We will use the 1970s Boston housing dataset which is available through the UCI ML data repository. 

### Data:
----------x-values-----------
* CRIM   : per capita crime rate by town
* ZN     : prop. of res. land zones
* INDUS  : prop. of non-retail business acres
* CHAS   : Charles river dummy variable
* NOX    : nitrix oxides concentration / 10 M
* RM     : Avg. # of rooms per building
* AGE    : prop. of buildings built prior to 1940
* DIS    : Weighted distances to employment centers
* RAD    : Index of radian highway access
* TAX    : Full tax rate value per $10k
* PTRATIO: Pupil/Teacher ratio by town
* B      : 1000*(Bk-0.63)^2, Bk=prop. of blacks
* LSTAT  : % lower status of pop

------------y-value-----------
* MEDV   : Median Value of homes in $1,000's

In [11]:
# import required libraries
#importing pyplot from matplotlib for visualization
import matplotlib.pyplot as plt
#importing numpy
import numpy as np
#importing tensorflow
import tensorflow as tf
#importing requests which will be used for fetching data
import requests
#Clearing the default graph stack and resetting the global default graph.
from tensorflow.python.framework import ops
ops.reset_default_graph()
#importing debug library
from tensorflow.python import debug as tf_debug

#Load boston housing dataset...does not need internet
from sklearn.datasets import load_boston
print ("Housing data downloaded")

Housing data downloaded


### Create graph

In [12]:
#creating a session object which creates an environment where we can execute Operations and evaluate Tensors
sess = tf.Session()

## Debugger

### Uncomment the below line and execute the code to run the debugger.

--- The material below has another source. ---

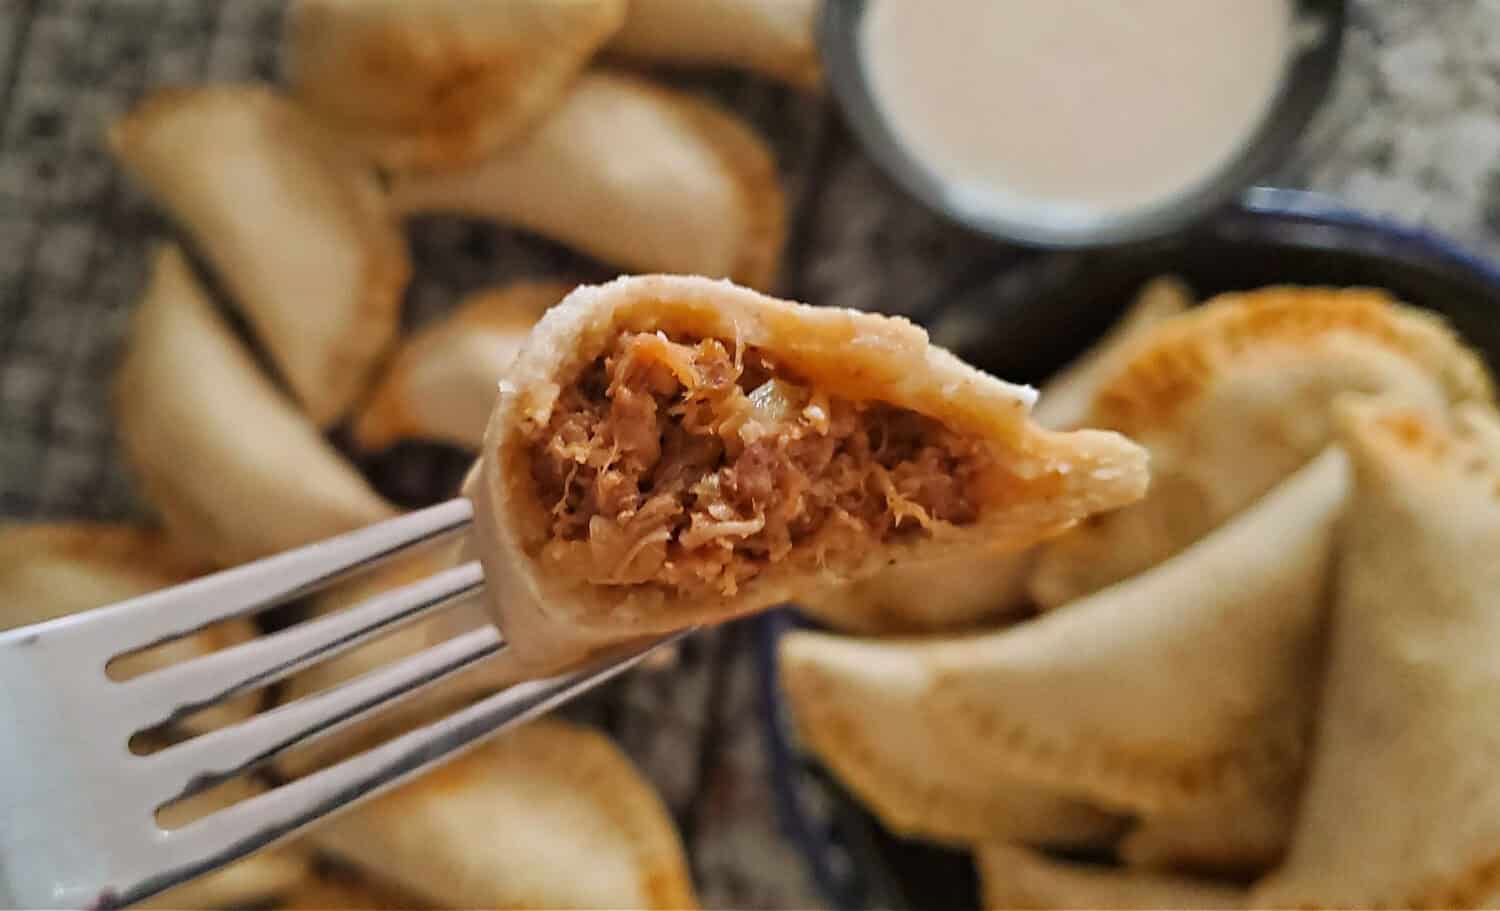 Savory Empanadas: Shredded pork & chorizo, garlic, onions and seasonings. Great for snacks, dinner, game day or any Mexicana feast!

### Go to the link once you start execution    			http://localhost:6006/

In [13]:
#Uncomment the below line to run the debugger
# sess = tf_debug.TensorBoardDebugWrapperSession(sess, "localhost:6064")

### Load the data

In [14]:
#URL for the boston housing data in UCI repository is set to the variable
housing_url = load_boston()#'https://archive.ics.uci.edu/ml/machine-learning-databases/housing/housing.data'
#the different features in the dataset
print ("Data accessed")
housing_header = ['CRIM', 'ZN', 'INDUS', 'CHAS', 'NOX', 'RM', 'AGE', 'DIS', 'RAD', 'TAX', 'PTRATIO', 'B', 'LSTAT', 'MEDV']
#the features being used in our model
cols_used = ['CRIM', 'INDUS', 'NOX', 'RM', 'AGE', 'DIS', 'TAX', 'PTRATIO', 'B', 'LSTAT']
#The number of features being used in the model
num_features = len(cols_used)
#Using requests, load the url containing the dataset and fetch the data
housing_file = requests.get(housing_url)
#For each line withe length greater than 0, split the line based on space and store it in a 2-d list
housing_data = [[float(x) for x in y.split(' ') if len(x)>=1] for y in housing_file.text.split('\n') if len(y)>=1]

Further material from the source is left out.